I read some conflicting material in lecture slides, where one slide says you must compute the hessian matrix to determine the nature of a stationary point.
Another slide says that you only need the top left and bottom right partial derivatives of the Hessian matrix to determine the nature of a stationary point.
Can someone please clarify?
There are only 3 partial derivatives, since the cross partials are equal. The Hessian is therefore a symmetric matrix. Now, consider the symmetric matrix $\begin{bmatrix} a&b\\b&c\end{bmatrix}$. We know that the determinant and trace are the product and sum of the eigenvalues respectively. That is, $\lambda_1+\lambda_2=a+c$ and $\lambda_1\lambda_2=ac-b^2$. If we only know $a$ and $c$, we can't determine the eigenvalues, but the symmetry of the matrix means we can determine a few things about them based on their signs.

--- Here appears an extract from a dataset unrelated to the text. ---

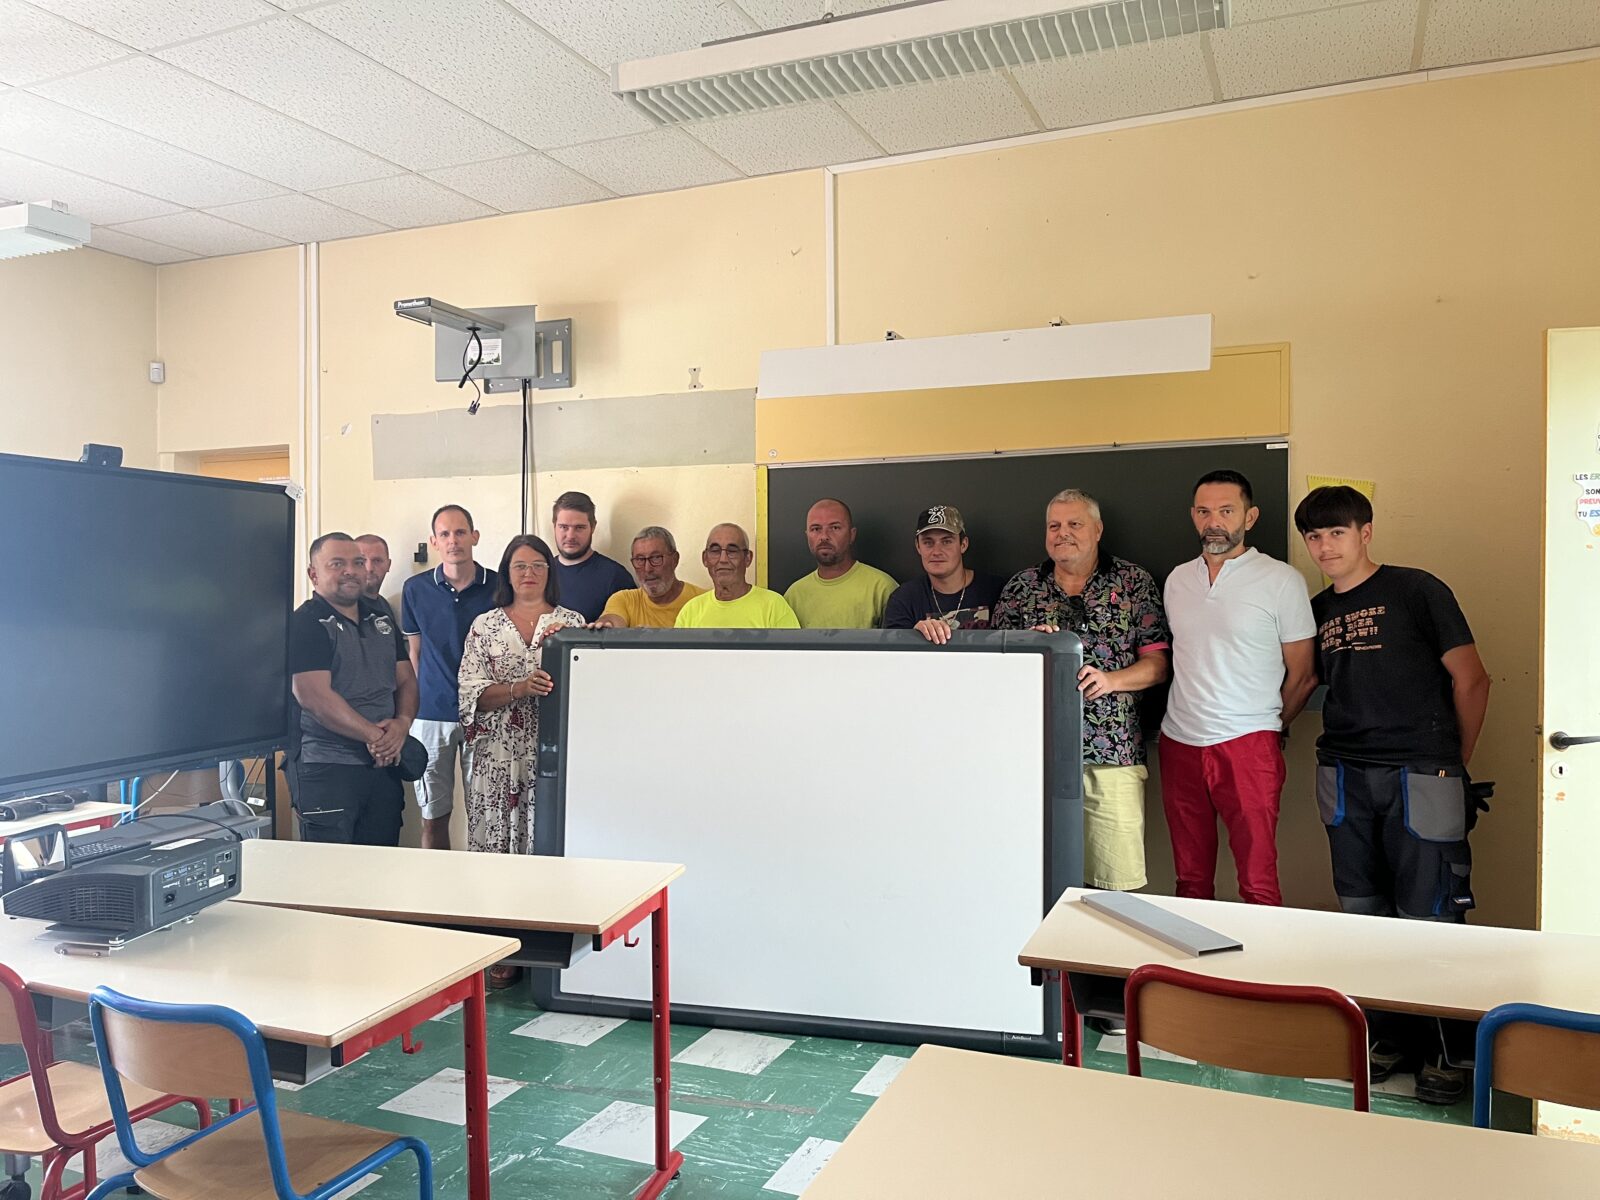 BAGNOLS-SUR-CEZE : La Ville a offert des Tableaux Blancs Interactifs aux mairies du Gard rhodanien

If they are both positive (or both negative), then the trace tells us the eigenvalues can't both be negative (positive) and this critical point is not a local maximum (minimum).
If they are of opposite sign, the determinant must be negative, so the eigenvalues must also be of opposite sign, meaning the critical point is a saddle point.
This is the best we can do, as there are saddles like $x^2+3xy+y^2$ that have diagonal Hessian entries of the same sign. So in the $2\times 2$ case, there are times where you can determine the nature of the critical point just from the diagonal entries, but not in general.
For higher dimensions, if we know the diagonal terms, we can only get the weaker result that a local minimum (maximum) must have positive (negative) trace, but we don't have a condition that rules out an extremum like in the 2D case. The trace condition also requires knowing every diagonal term, not just the two corners.